Abortionists (for instance) only deal in "physical death".
the point ... is: murder was murder then, just as it is now.Murder was, and is, the killing of an innocent person. Killing another person is not per se murder -- it is only murder if the person killed is innocent. In the case of war, the person who is killed (the enemy) is not innocent -- he is an unjust aggressor. In the case of capital punishment, the person who is killed (the capital offender) is not innocent -- he has violated a just law of the state, and the state is justified in protecting itself from the offender.

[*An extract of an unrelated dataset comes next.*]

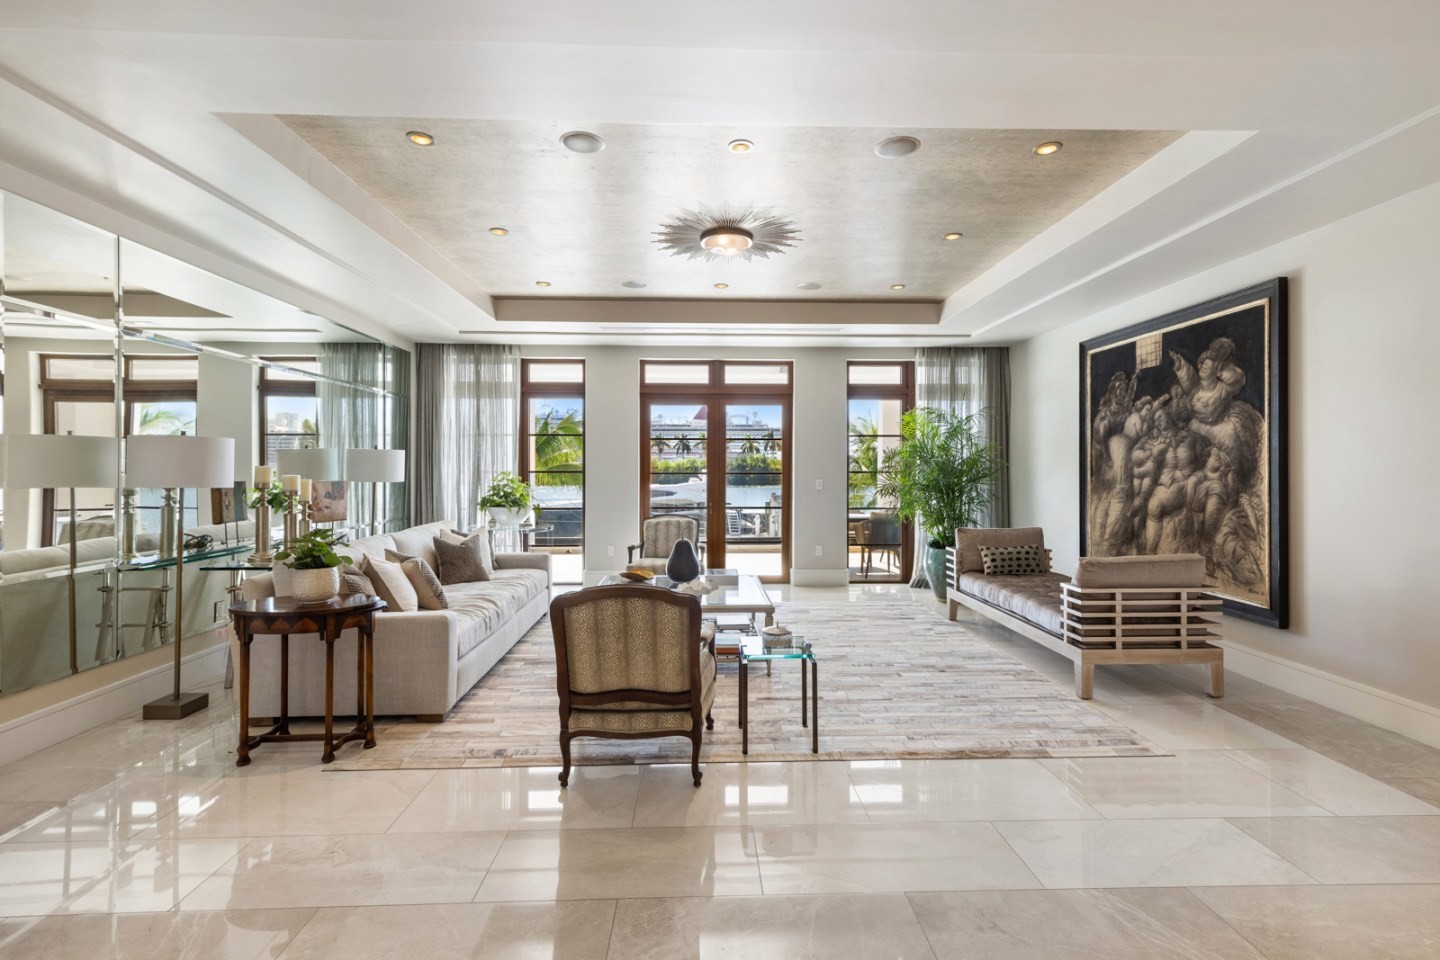 Floyd Mayweather compra mansão em Miami por R$ 94 milhões (Foto: Divulgação/Douglas Elliman Real Estate)

... Crispus was executed on the charge of immorality made against him by Constantine's second wife, Fausta. The charge was false, as Constantine learned from his mother, Helena, after the deed was done.Constantine killed Crispus (either directly or by mandate), and Crispus was apparently innocent. Is that murder? Objectively and materially, yes -- Constantine killed an innocent man. Does that mean that Constantine is a murderer? If Constantine knew beforehand that Crispus was innocent but killed him anyway, he would be not only objectively a murderer but subjectively one as well. But if he didn't know that Crispus was innocent, he would only be a murderer objectively, not subjectively. It's the subjective part -- Constantine's intention when he killed his son Crispus and the circumstances that informed Constantine's decision -- that is debatable.